The GBPUSD forecast for today favours the GBP, with quotes likely to regain ground and test the 1.3510 level. Find out more in our analysis for 14 January 2026.
The GBPUSD forecast for today, 14 January 2026, is favourable for the pound, with quotes having every chance for further growth after a minor correction.
Today, a speech by Dave Ramsden, Deputy Governor of the Bank of England for Markets and Banking, will take place. In his remarks, he may make statements or provide hints regarding the Bank of England’s next steps in monetary policy. In the event of an interest rate hike or the maintenance of a hawkish monetary policy stance, the British pound may strengthen.
According to the forecast for 14 January 2026, US retail sales may remain unchanged at 0.4%. If the actual figure comes in below expectations, this could become an additional factor weakening the USD. Markets are also awaiting the Federal Reserve’s January interest rate decision. If the rate is reduced, this would further weaken the USD and could trigger additional strengthening of the GBP against the dollar.
Geopolitical risks also influence the pair. For example, escalating international tensions or the introduction of new trade tariffs by the US could weaken the dollar, while the pound may continue to strengthen amid USD weakness.
After testing the lower Bollinger Band, the GBPUSD pair has formed an Inverted Hammer reversal pattern on the H4 chart.
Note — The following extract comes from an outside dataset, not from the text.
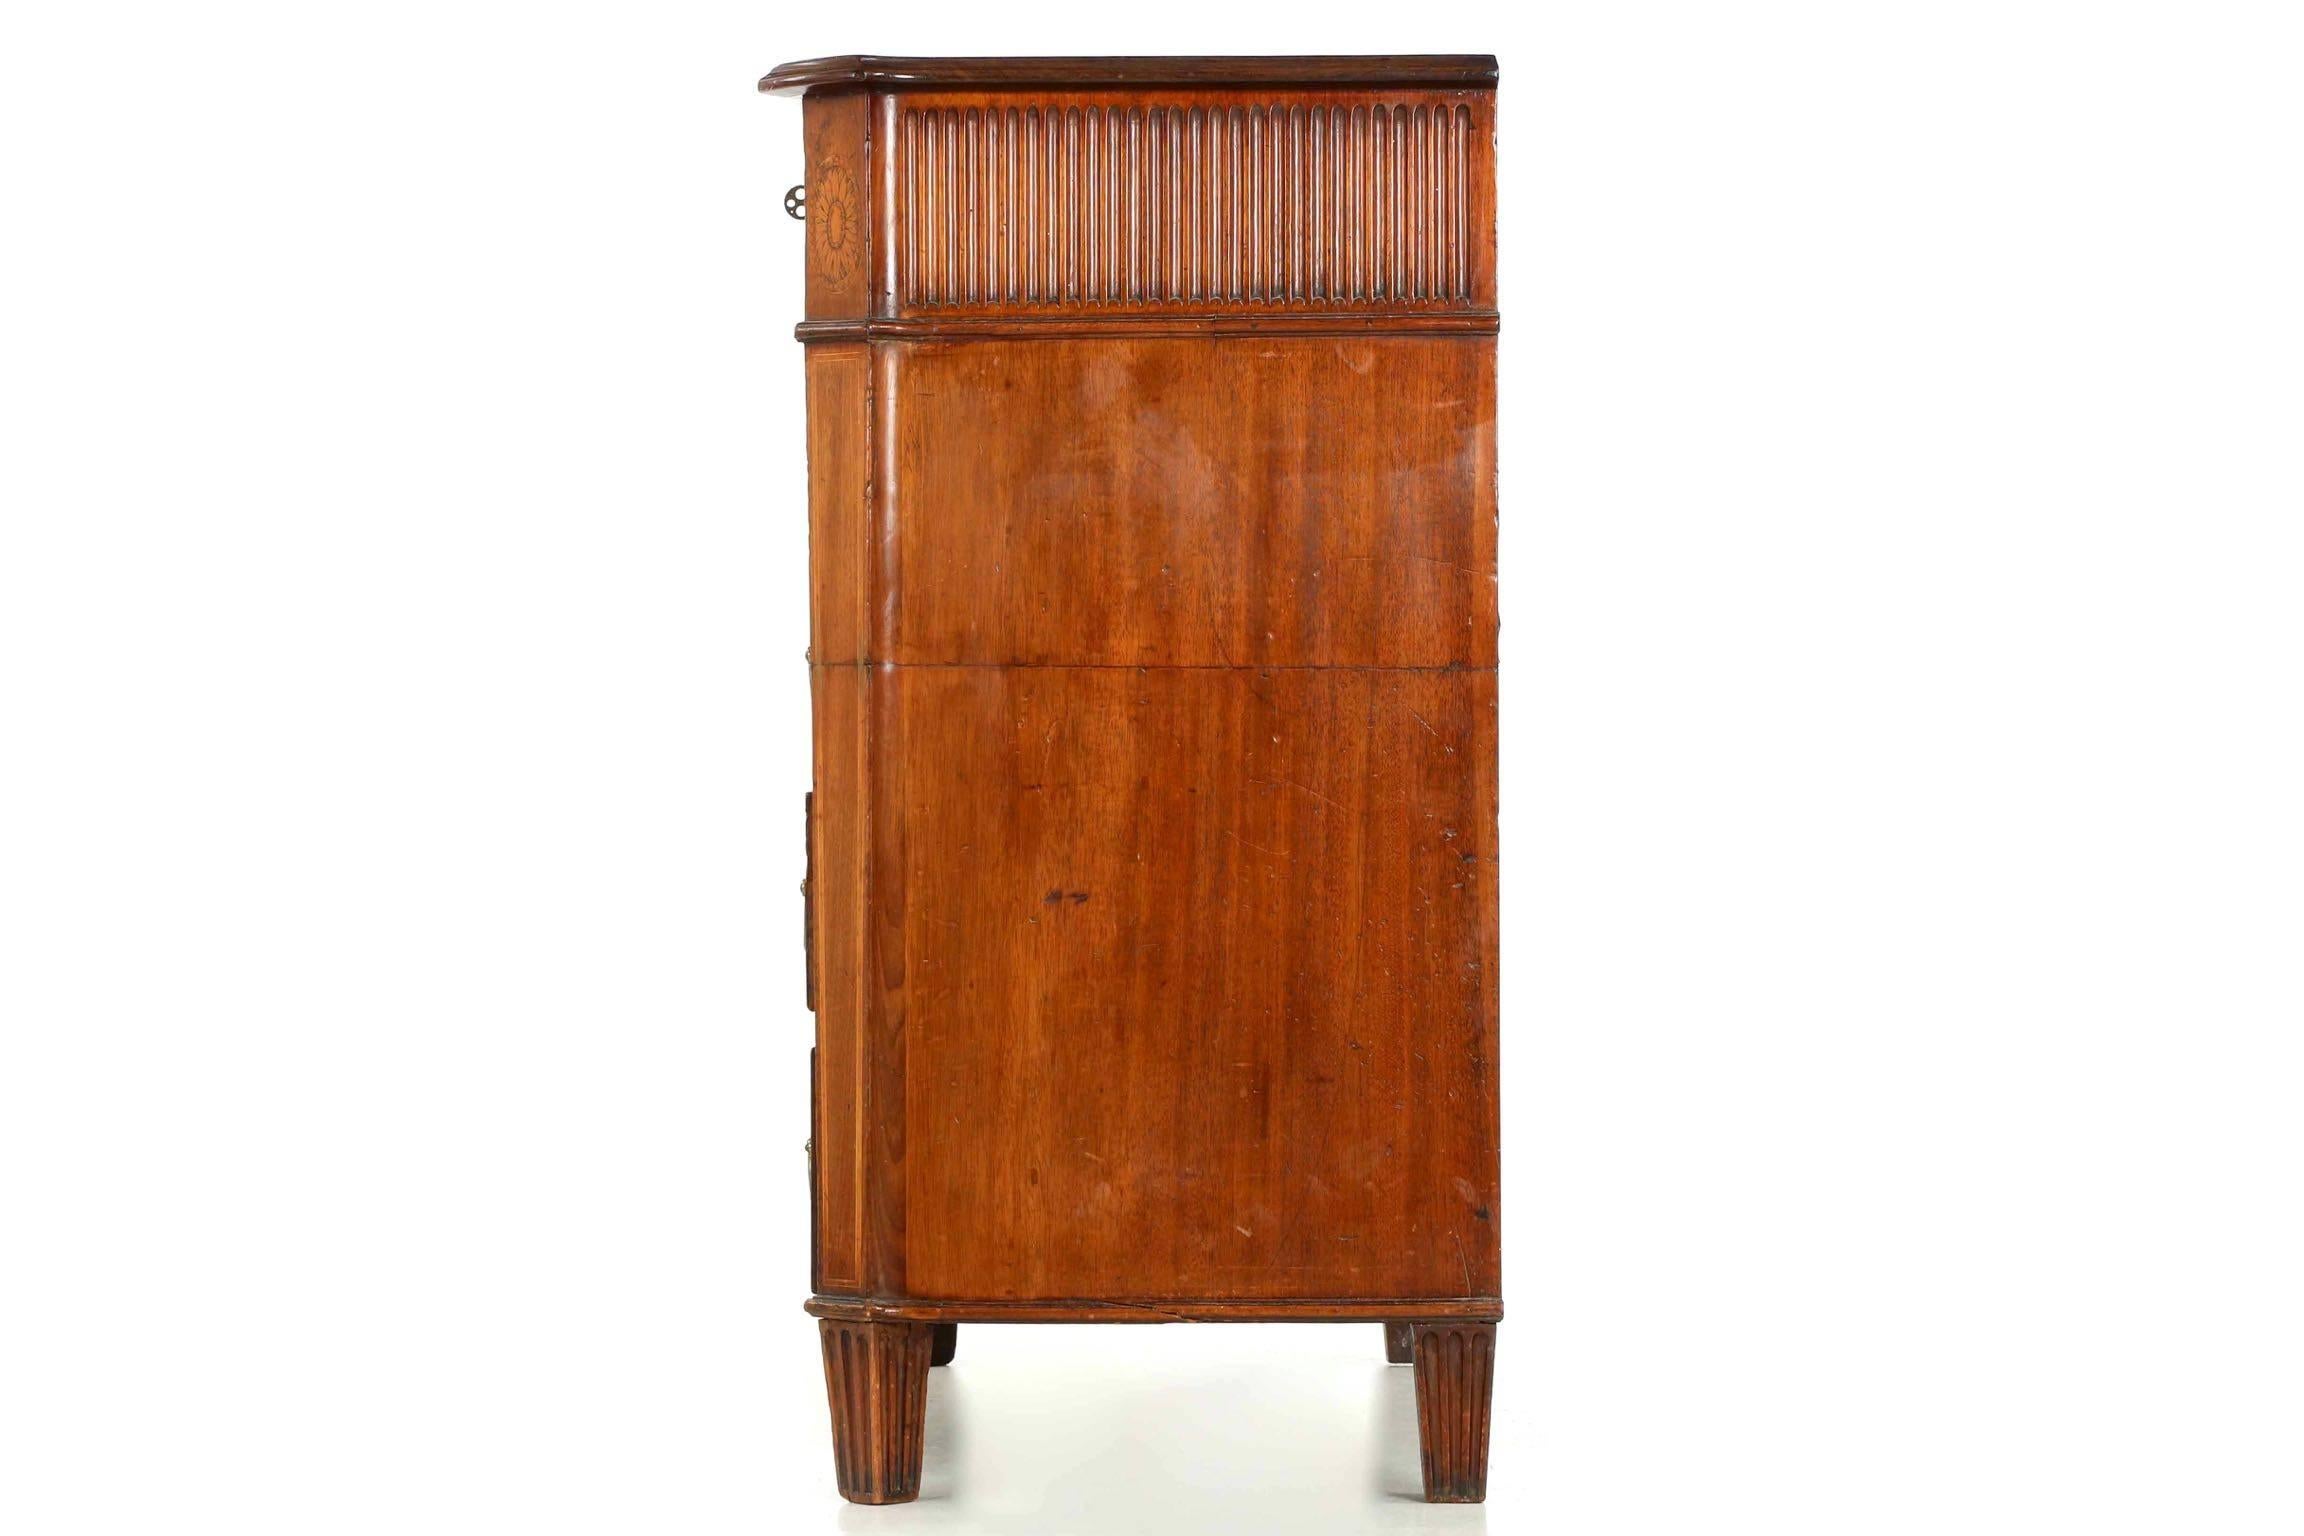 This most attractive Georgian chest of drawers retains an early and most pleasing cognac hue and burnished patina throughout, this particularly well developed on the top of the chest. This is a finely selected plank of mahogany with gorgeous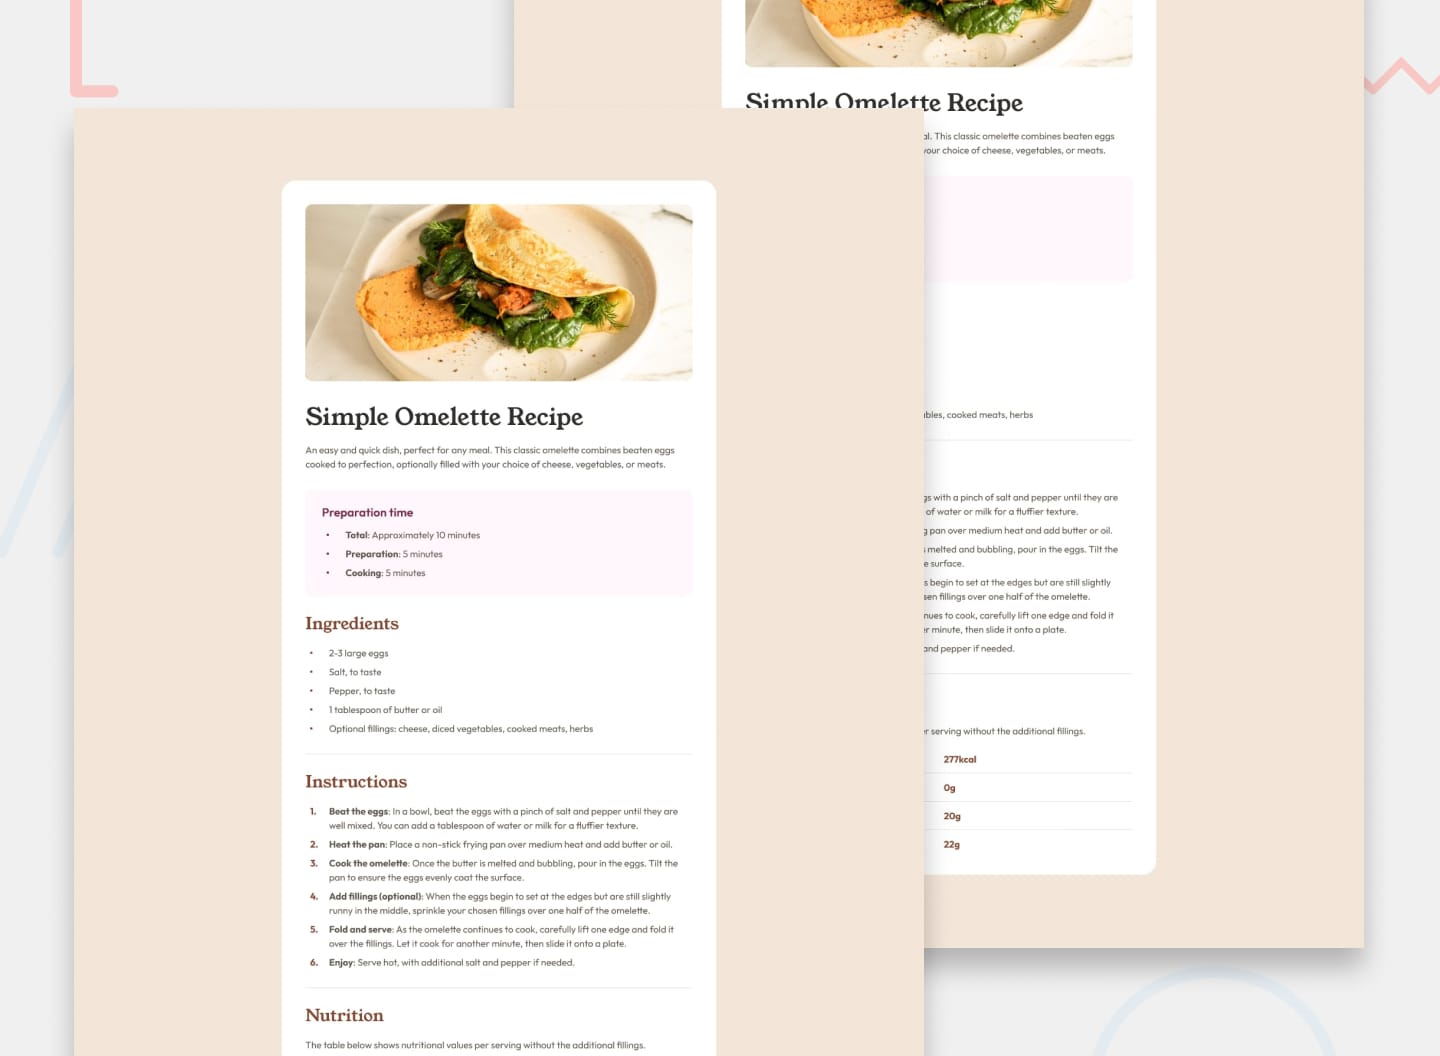 A preview image for the Recipe page

At this stage, the pair may continue an upward wave following the pattern’s signal, with the current upside target at 1.3510. A breakout above the resistance level would open the way for continued upward momentum.
The GBPUSD forecast for today also considers an alternative scenario, involving a price correction towards the 1.3400 level before growth resumes.
The speech by the Bank of England Deputy Governor may provide additional support for the GBP. Technical analysis of GBPUSD suggests a rise towards the 1.3510 level.